Special Issue Information

Dear Colleagues,

In many places, in practice, health law has become dominated by personal injury litigation. The effect of this has been that potential legal issues in healthcare related to human rights have become invisible. The widespread development of patient codes of rights could be seen as a step forward. Alternatively, it could signal that healthcare practitioners do not always practice in a patient-centred, caring and rights-respecting manner.

By viewing (and regulating) healthcare through the lense of human rights, it can be argued that healthcare becomes more focused on the individual and that cultures of paternalistic decision-making can be challenged. On the other hand, it is also arguable that a rights perspective replaces one litigious approach with another, and that healthcare is better viewed through the lense of an ethics of care, or relationships of mutual trust and respect.
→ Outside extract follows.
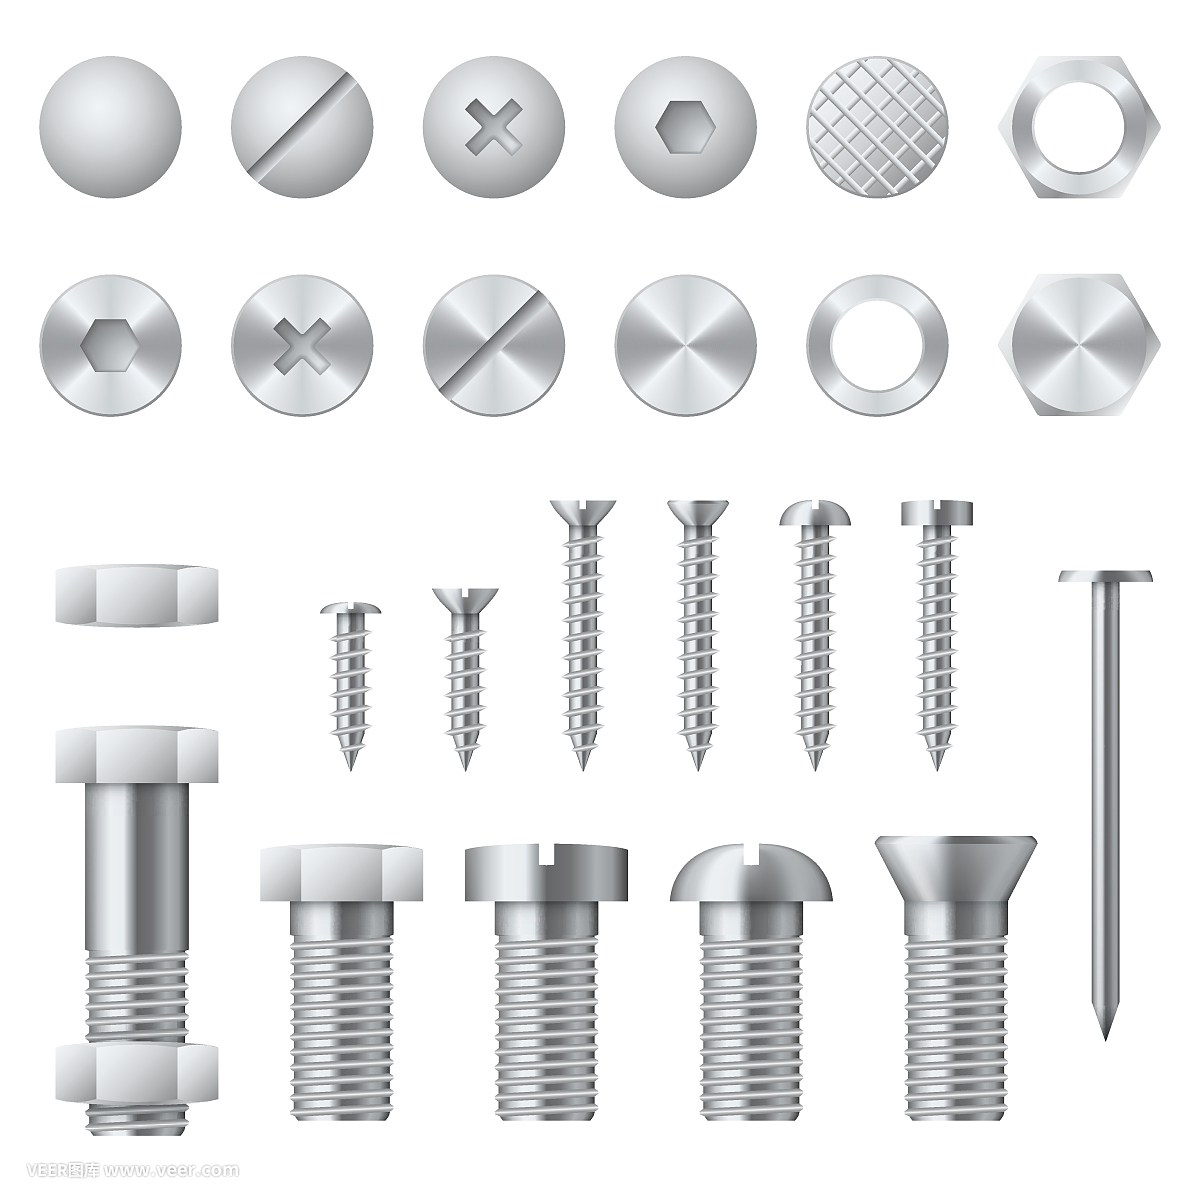 螺丝,螺栓,螺母,钉子和铆钉现实的矢量设计元素

These approaches may also challenge the consumer-provider model that is typical in many healthcare contexts as undermining therapeutic relationships.

This Special Issue focuses on the relationship between health law and human rights law. What are the advantages and disadvantages of a human rights law approach to healthcare regulation? How do human rights affect the parametres of the duty of care? What areas of healthcare exhibit human rights issues? How does the right to health play out in a practical context?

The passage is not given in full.